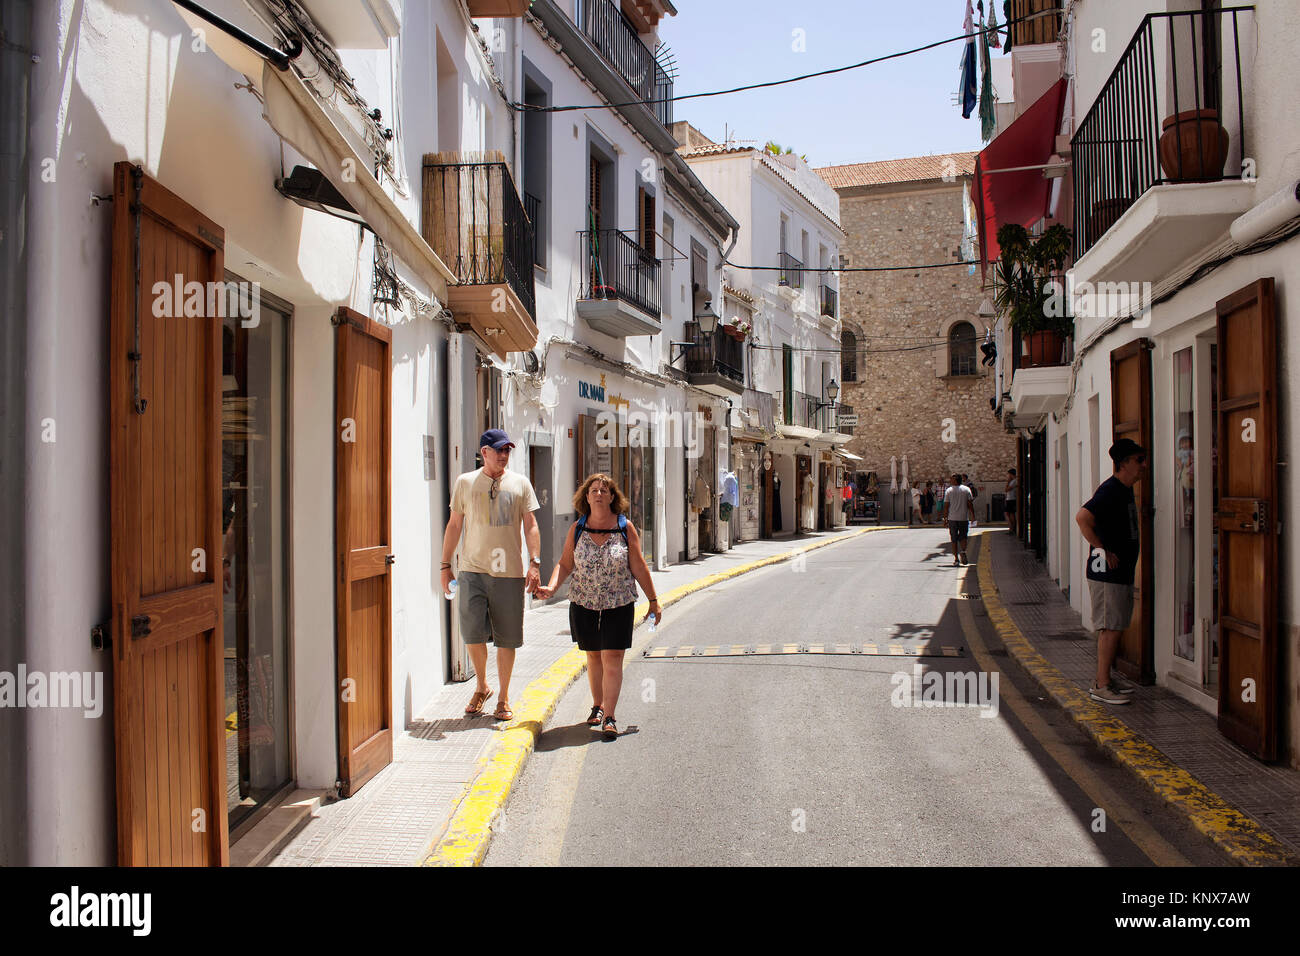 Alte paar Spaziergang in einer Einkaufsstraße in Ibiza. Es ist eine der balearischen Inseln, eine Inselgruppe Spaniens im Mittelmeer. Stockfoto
...
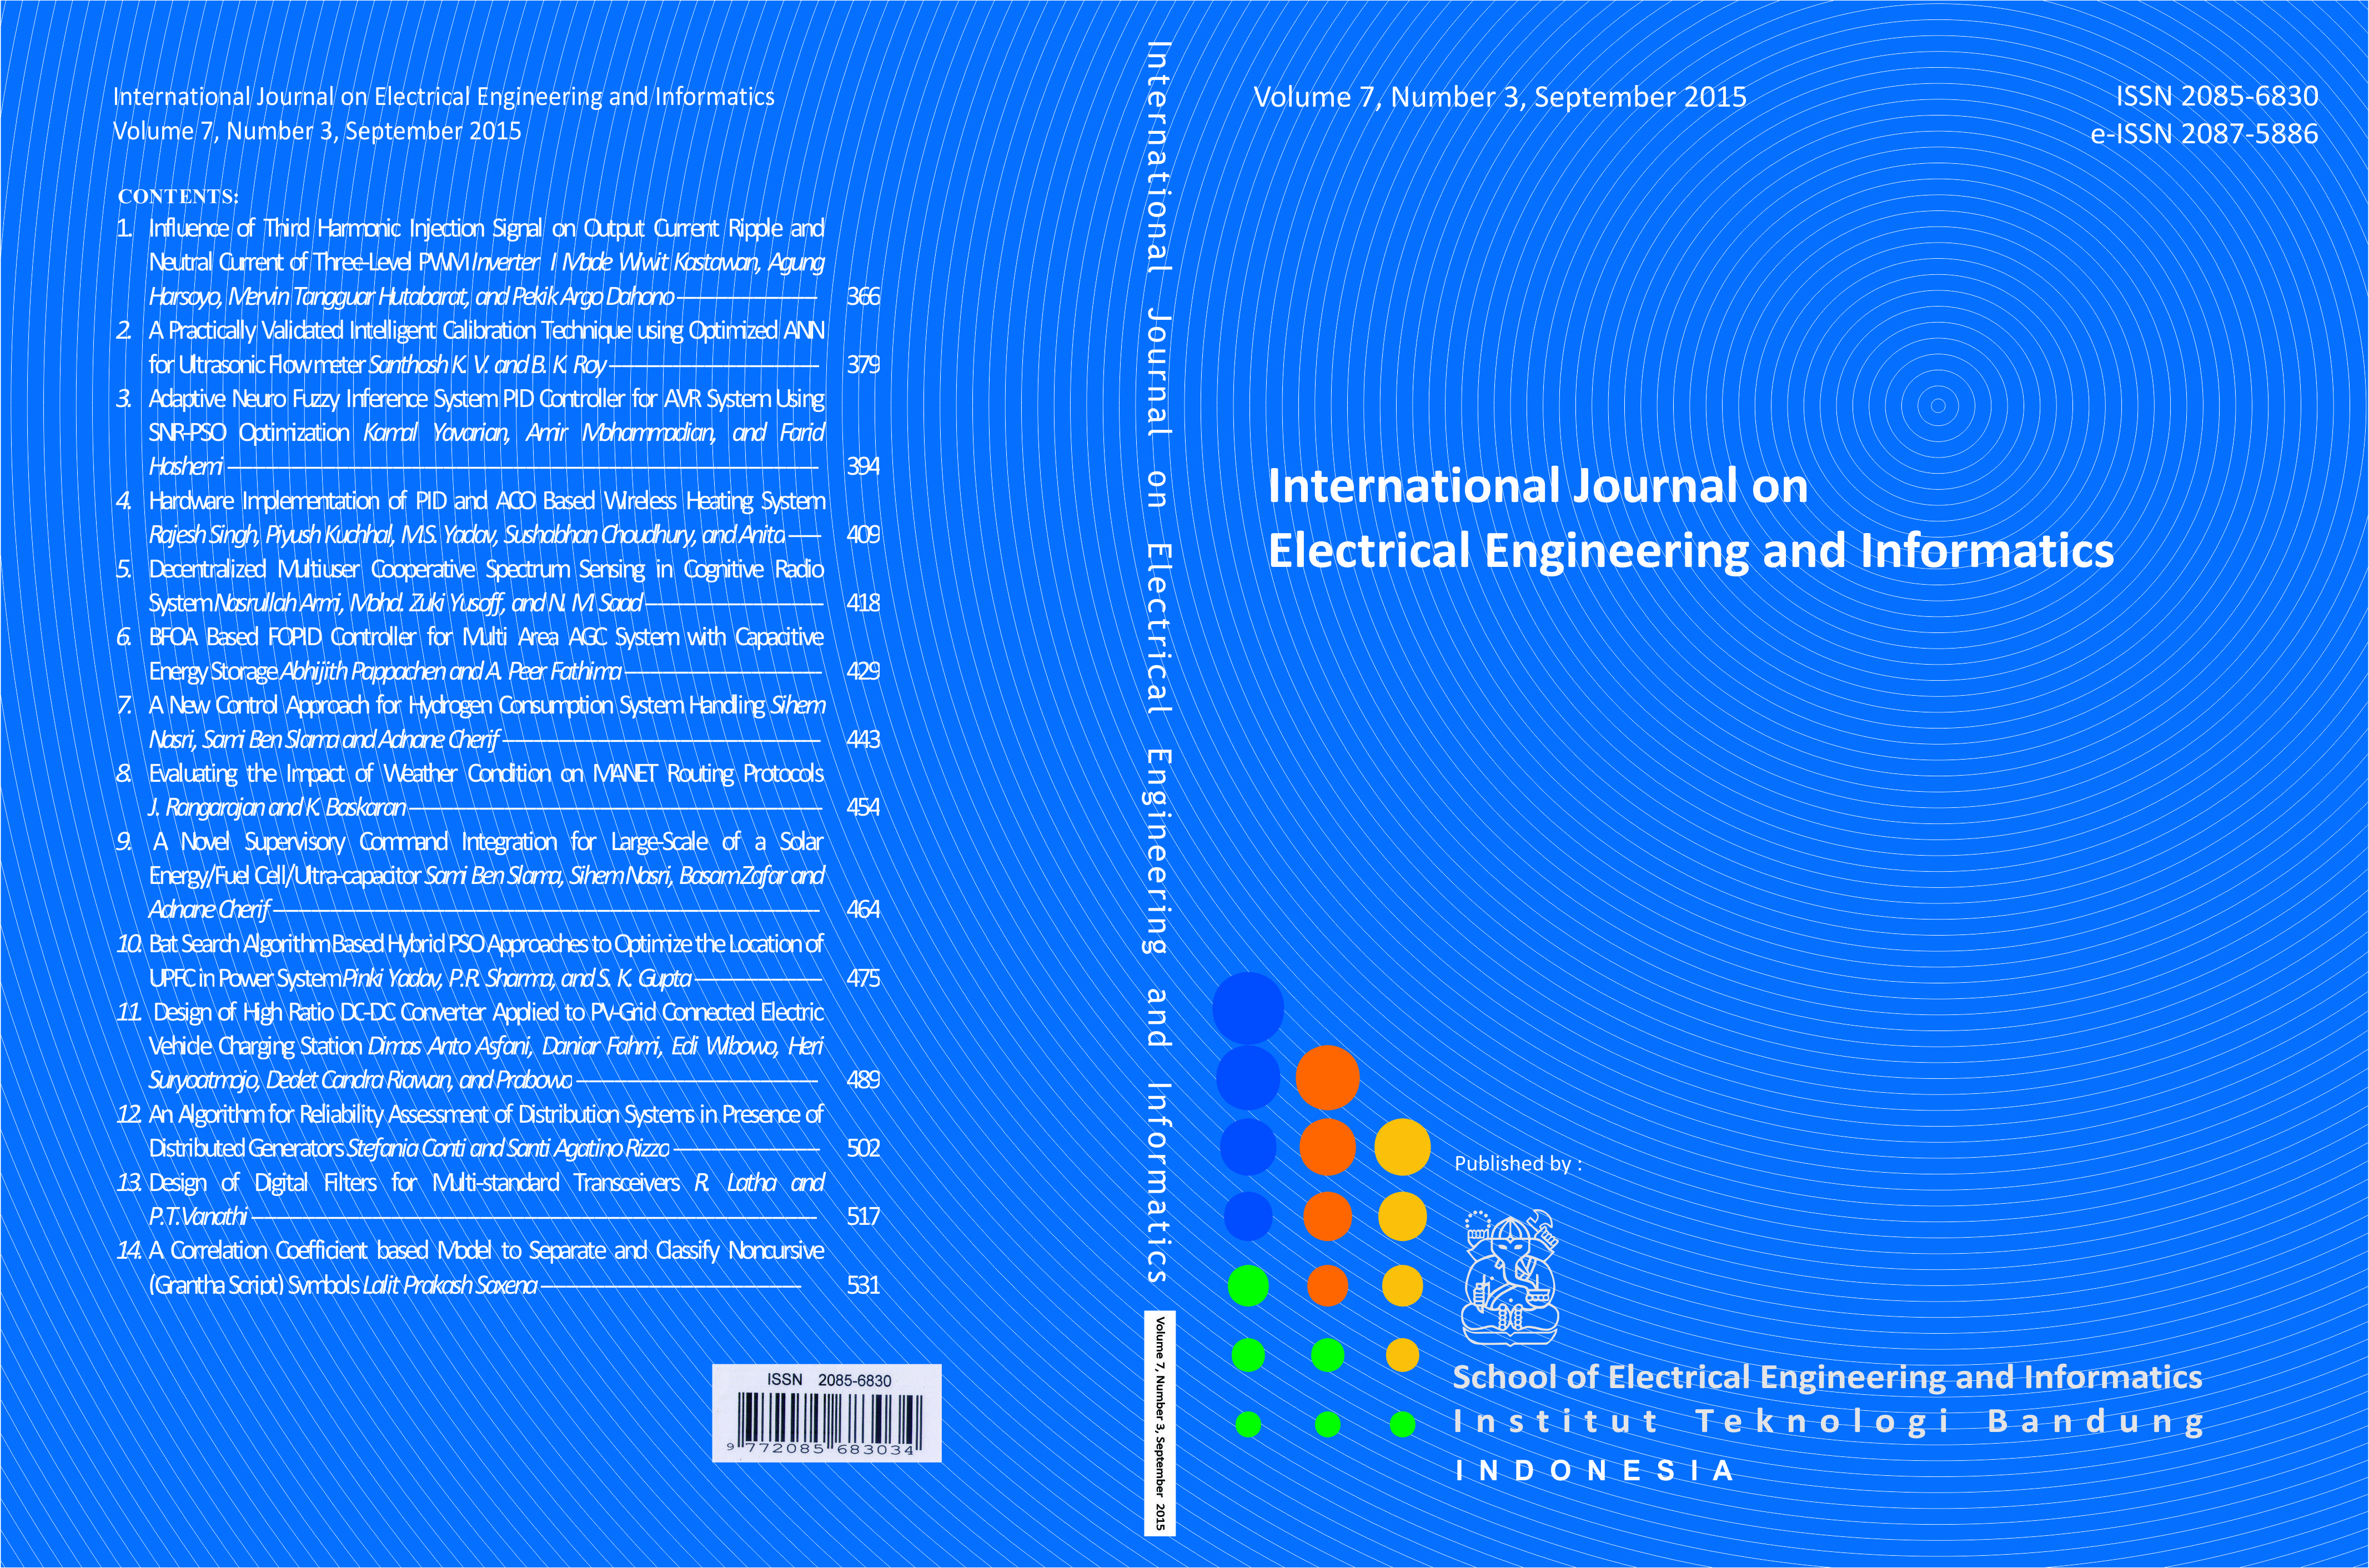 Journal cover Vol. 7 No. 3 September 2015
* * *
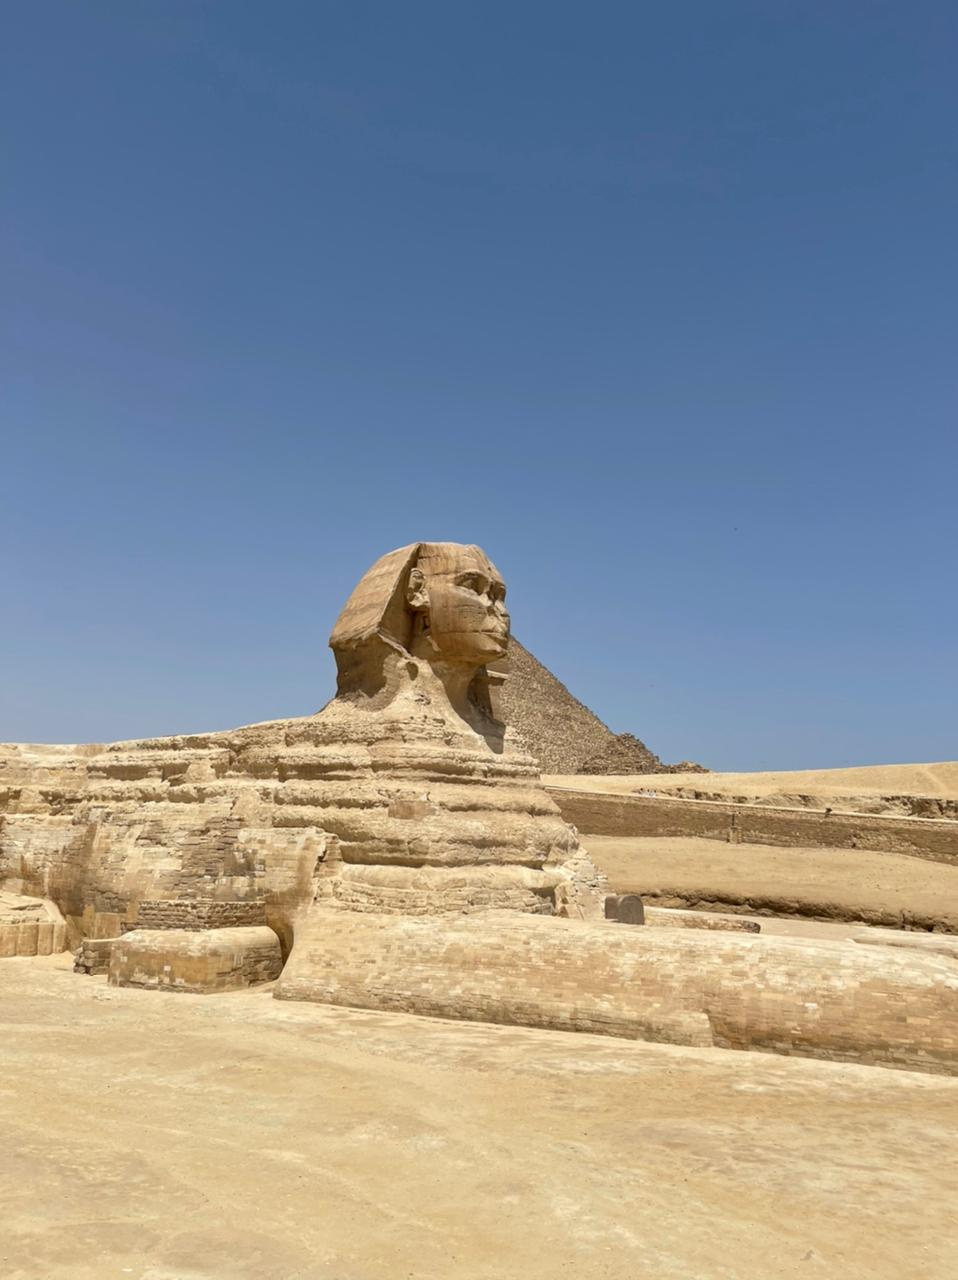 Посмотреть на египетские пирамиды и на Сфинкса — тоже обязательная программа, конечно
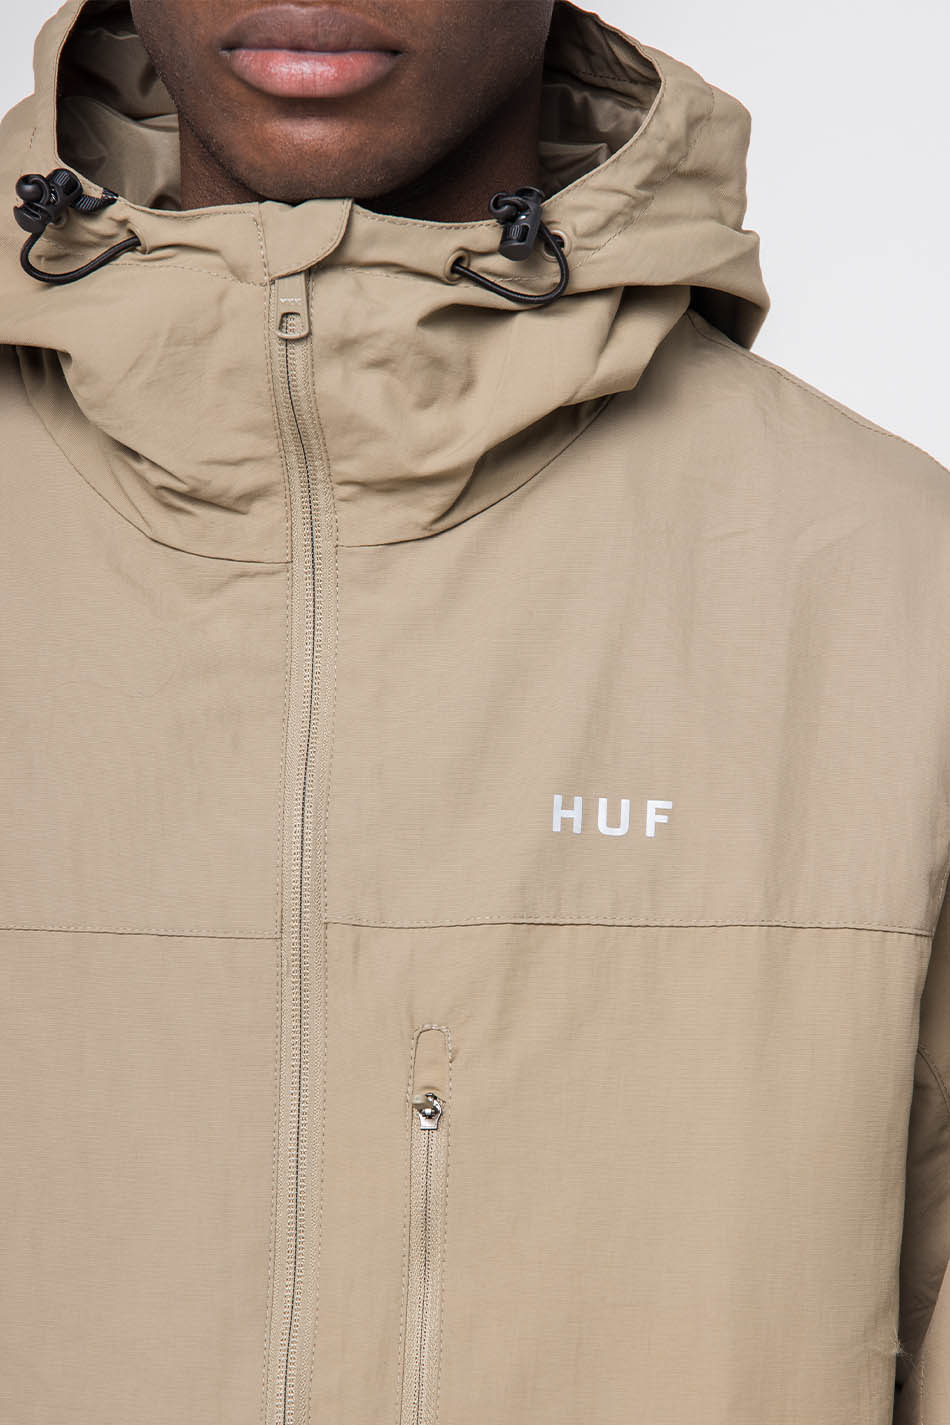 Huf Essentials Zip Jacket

Exercise: Of all the material above, only the lines from the one that has "Посмотреть на египетские" down to the one that has "Huf Essentials Zip Jacket" are to be written out, exactly and with both ends included. Pictures are skipped.

Solution:
 Посмотреть на египетские пирамиды и на Сфинкса — тоже обязательная программа, конечно
 Huf Essentials Zip Jacket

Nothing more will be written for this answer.